Australians snub Asian studies

November 8, 2002

The study of Asian languages and culture in Australia is in a "crisis" exacerbated by the Bali bomb and the withdrawal of all Australian university students and staff based in Indonesia.

A report by the Asian Studies Association of Australia says that less than 5 per cent of university students undertake any systematic study of Asia and less than 3 per cent are studying an Asian language.

These figures are significantly lower than the targets proposed by a government inquiry 13 years ago. It recommended that by 2000, one in five students should be undertaking some study of Asia and one in ten learning an Asian language.

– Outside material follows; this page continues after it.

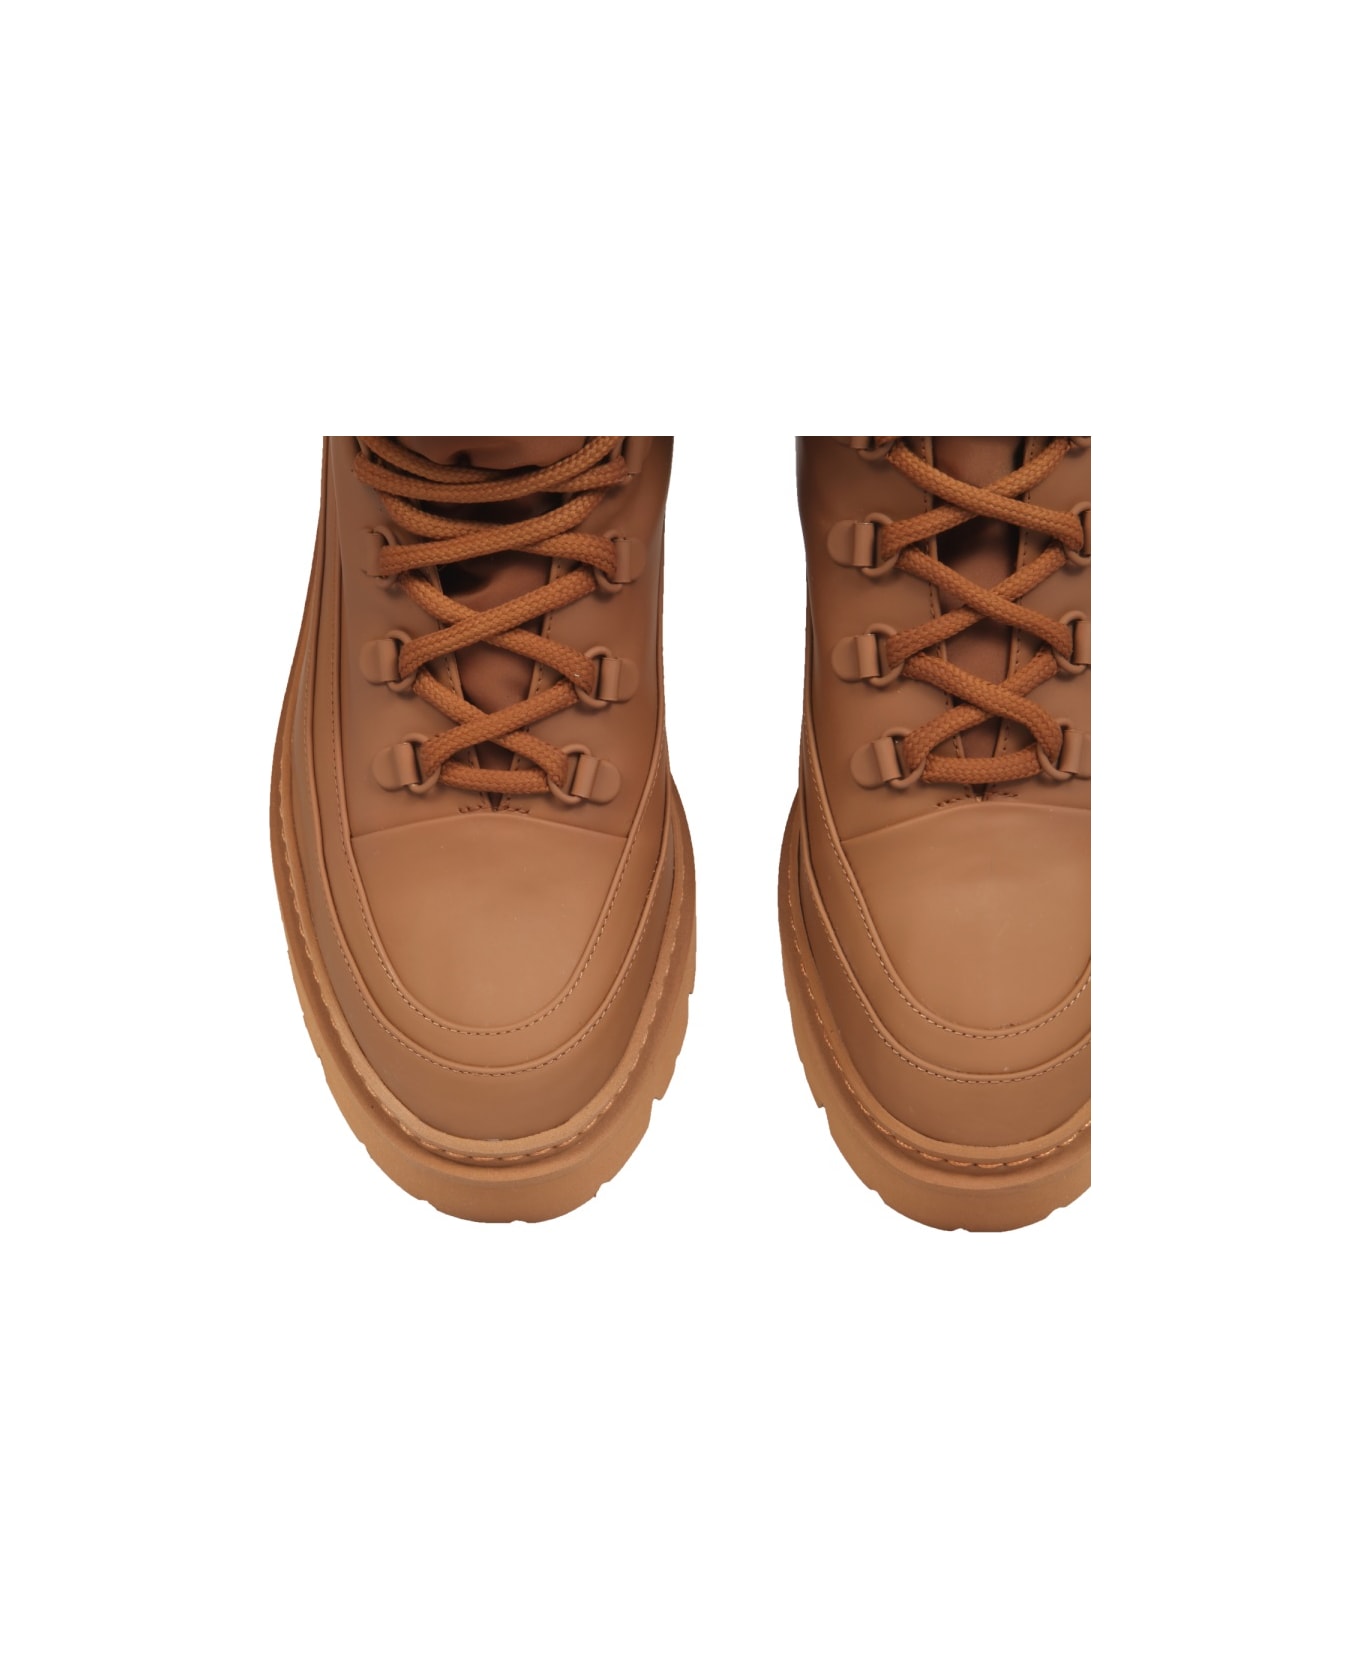 GIA BORGHINI "terra" Hiking Boots - BROWN ブーツ

Robin Jeffrey, vice-president of the Asian Studies Association, said that while Australia's need for a thorough knowledge of Asia was growing, the nation's capacity to impart it was shrinking. Professor Jeffrey said fewer Asian languages were being offered by fewer universities than even five years ago.

The association report says the study of Indonesia and its language has faltered over the past five years while that of India and the countries of South and West Asia was contracted strikingly.

It warns that the momentum for the study of Asia that built up in the late 1980s and early 1990s is collapsing. Budget stringencies have led to a serious contraction in the number of university subjects devoted to Asia, while the pool of specialists is shrinking as a result of retirements and the lure of jobs overseas.

The report calls for a package of measures, using new technology, "to achieve critical mass and stability in the teaching of languages, particularly those in low demand".

Among its 15 recommendations, the report urges the government and education institutions to send strong signals to the community about the importance of understanding Australia's "largest, nearest and least-known strategic partners".

Until Bali, at least 26 universities had formal links with Indonesian institutions, which included student and staff exchanges, academic collaboration and joint research projects. Ten universities continue to offer offshore programmes in the multi-island nation, ranging from foundation courses to certificate, bachelor and masters degrees.

Prime minister John Howard urged Australians based in Indonesia to leave immediately. He said the situation was "infinitely more dangerous" and that the government's advice was to get out of the country. Universities have advised academics to avoid travelling to Indonesia.